§ **THE PROBLEM**
Please print the line that holds "Freed From ISIS, Yazidi" and each line after it to the end of the data, word for word, without any pictures.

§ **COLLECTED MATERIAL**
╔══
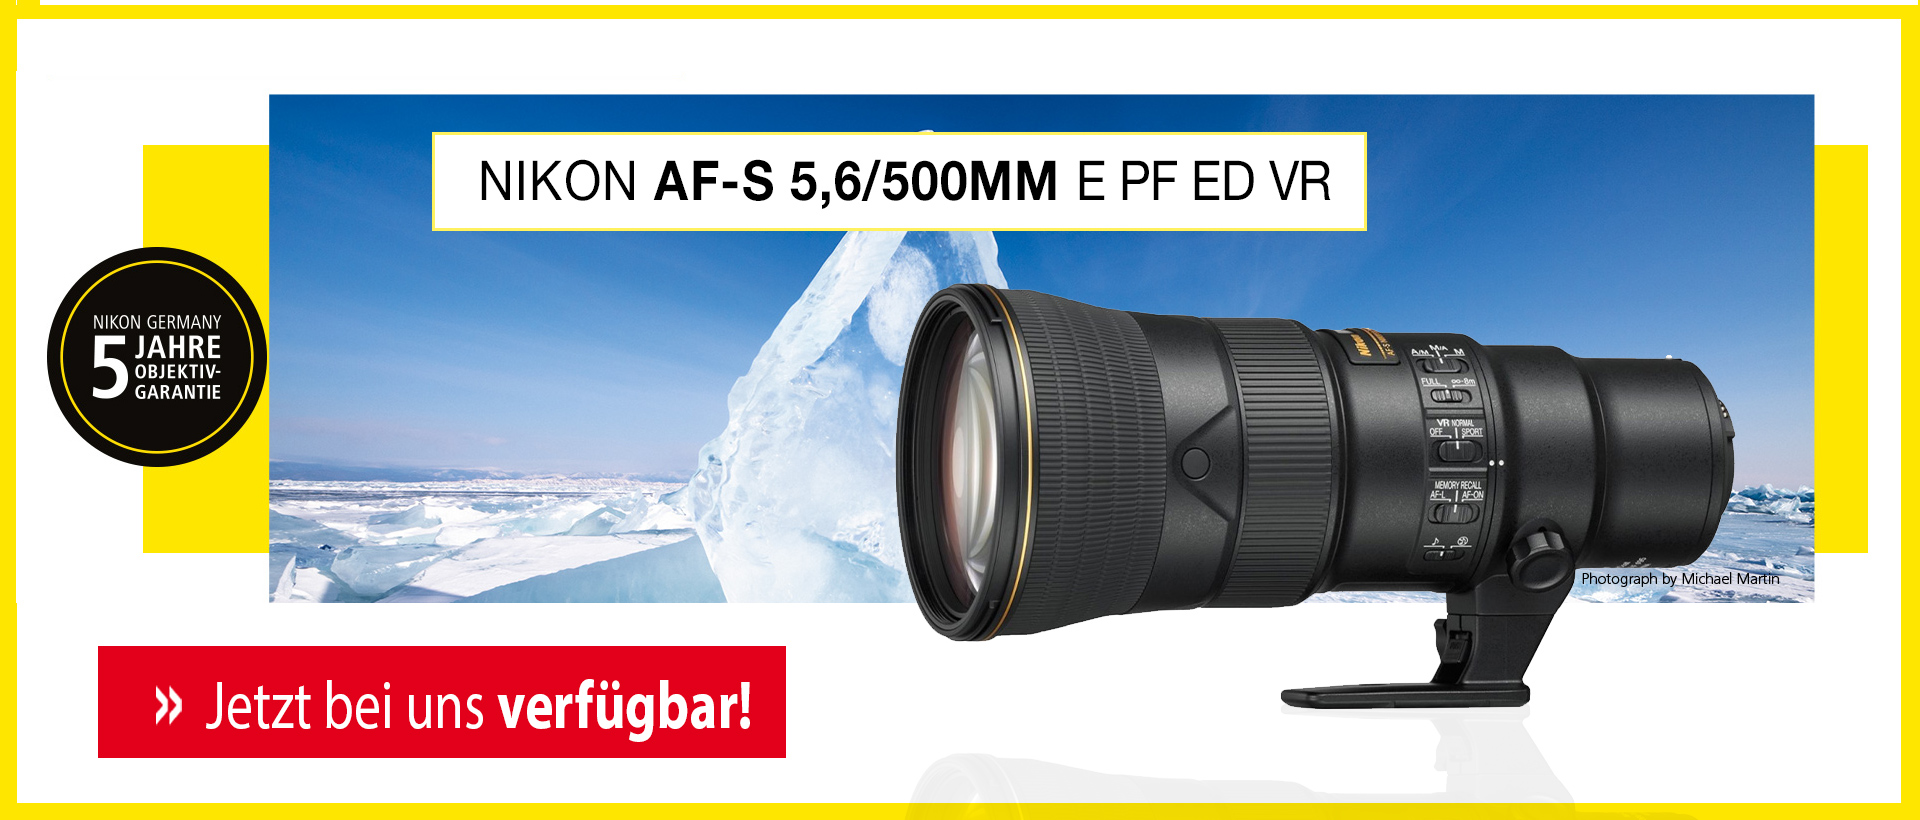 Nikon AF-S 5,6/500mm E PF ED VR + 5-Jahre-Garantie-Aktion
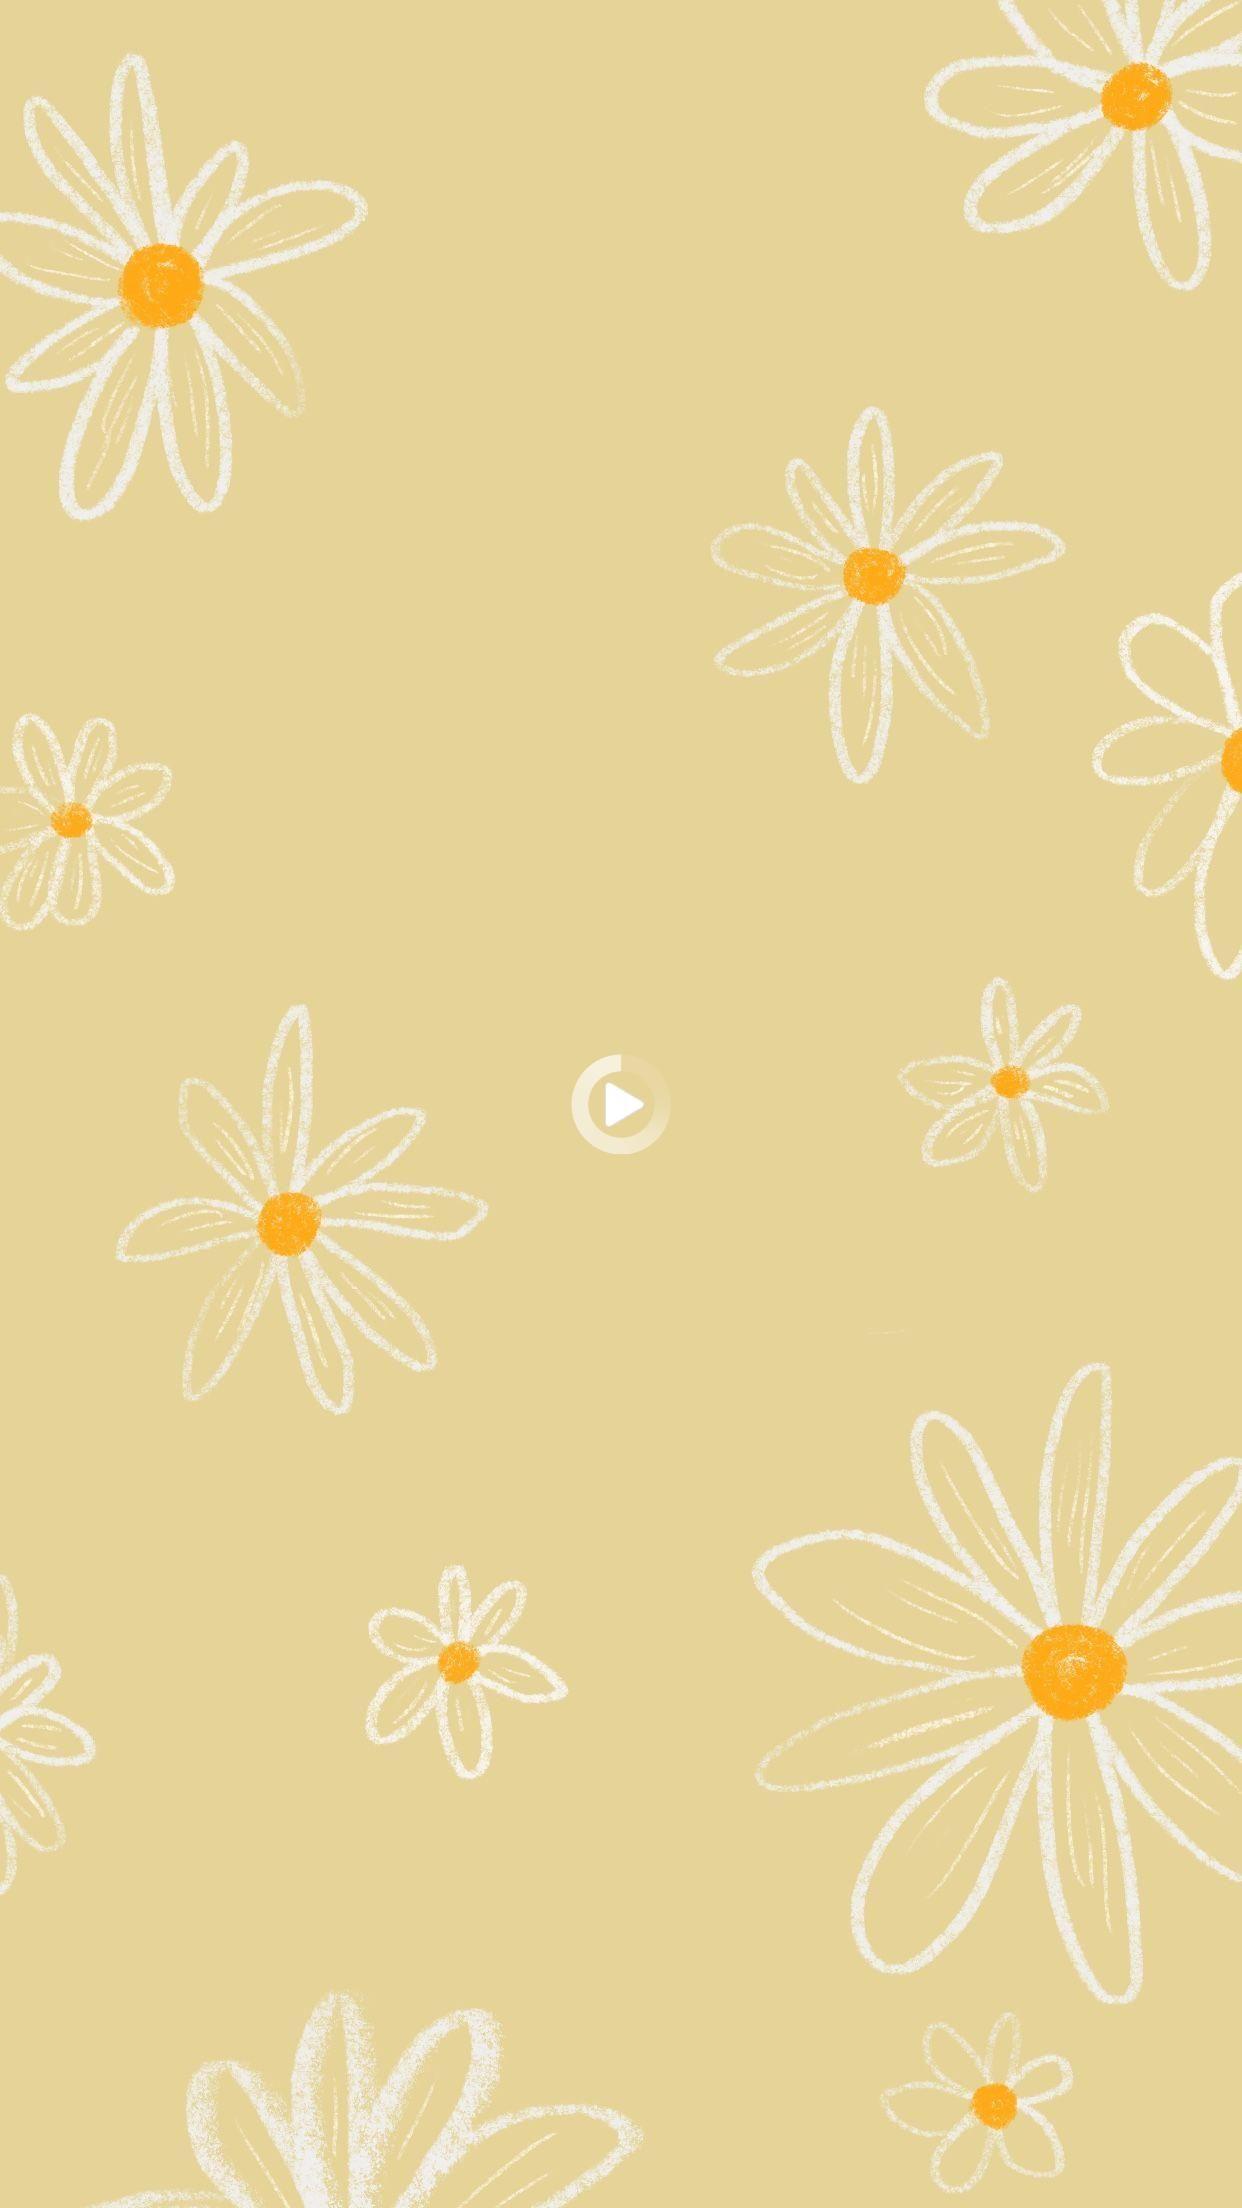 Redirecting In 2021 Wallpaper Iphone Boho Phone Wallpaper Boho Iphone Wallpaper Yellow Aesthetic yellow iphone wallpaper
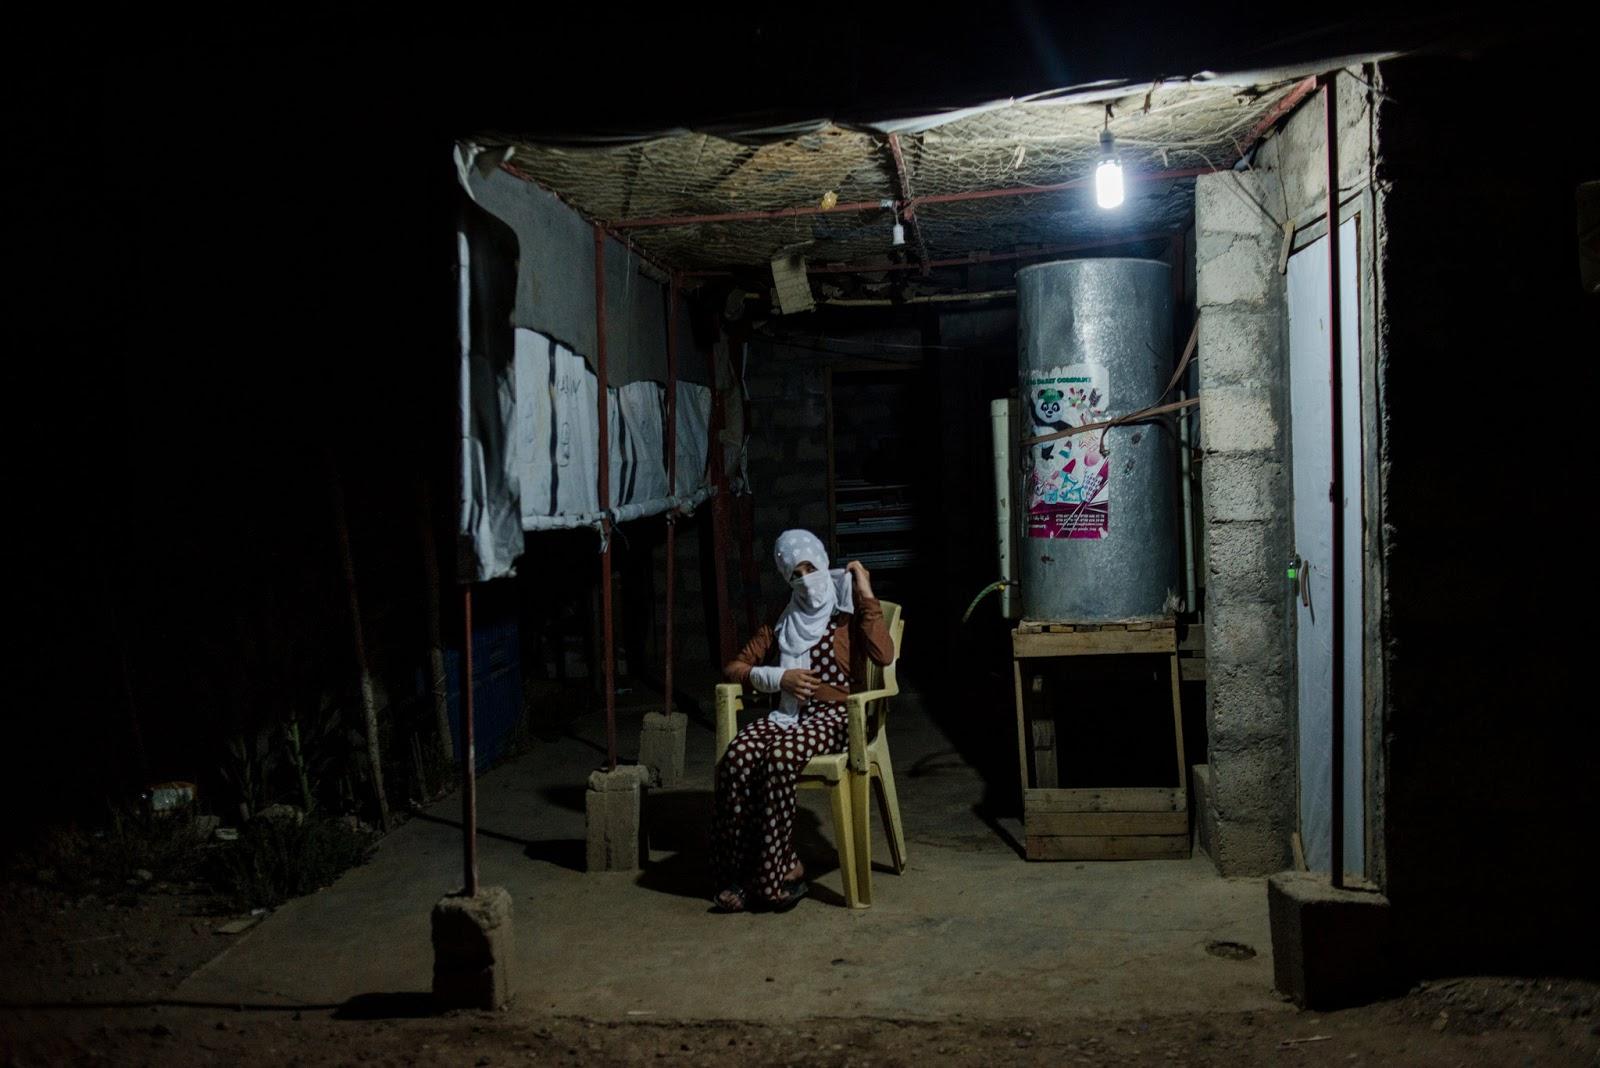 Freed From ISIS, Yazidi Women Return in 'Severe Shock'
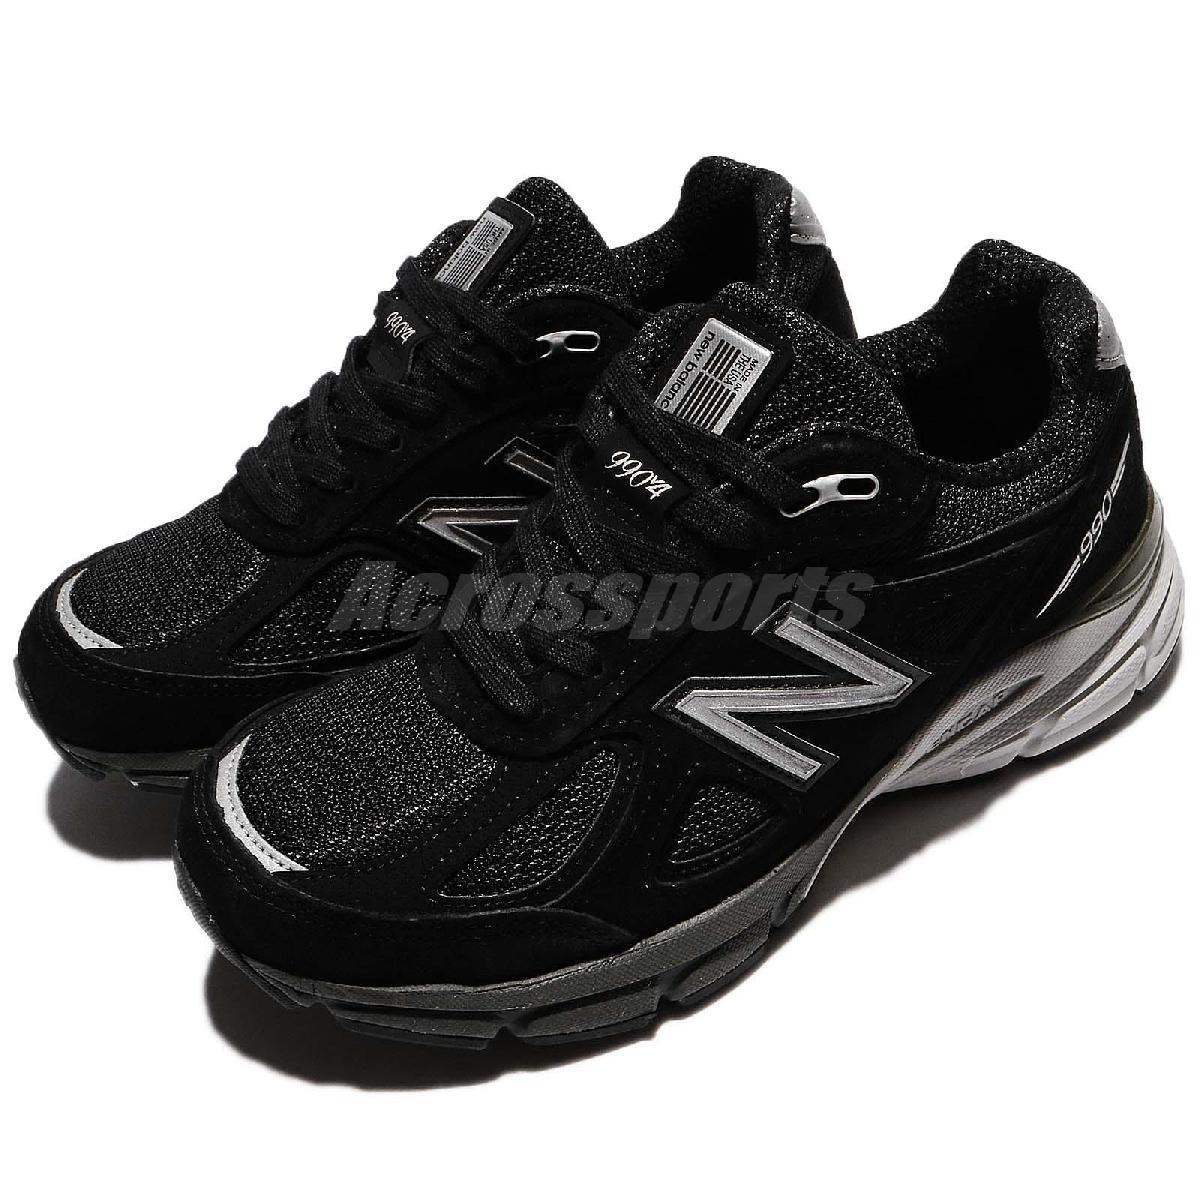 New Balance 慢跑鞋 990 NB 黑 灰 麂皮 寬楦 美國製 運動鞋 女鞋【PUMP306】 W990BK4D
╚══
§ **OUTPUT OF THE EXERCISE**
 Freed From ISIS, Yazidi Women Return in 'Severe Shock'
 New Balance 慢跑鞋 990 NB 黑 灰 麂皮 寬楦 美國製 運動鞋 女鞋【PUMP306】 W990BK4D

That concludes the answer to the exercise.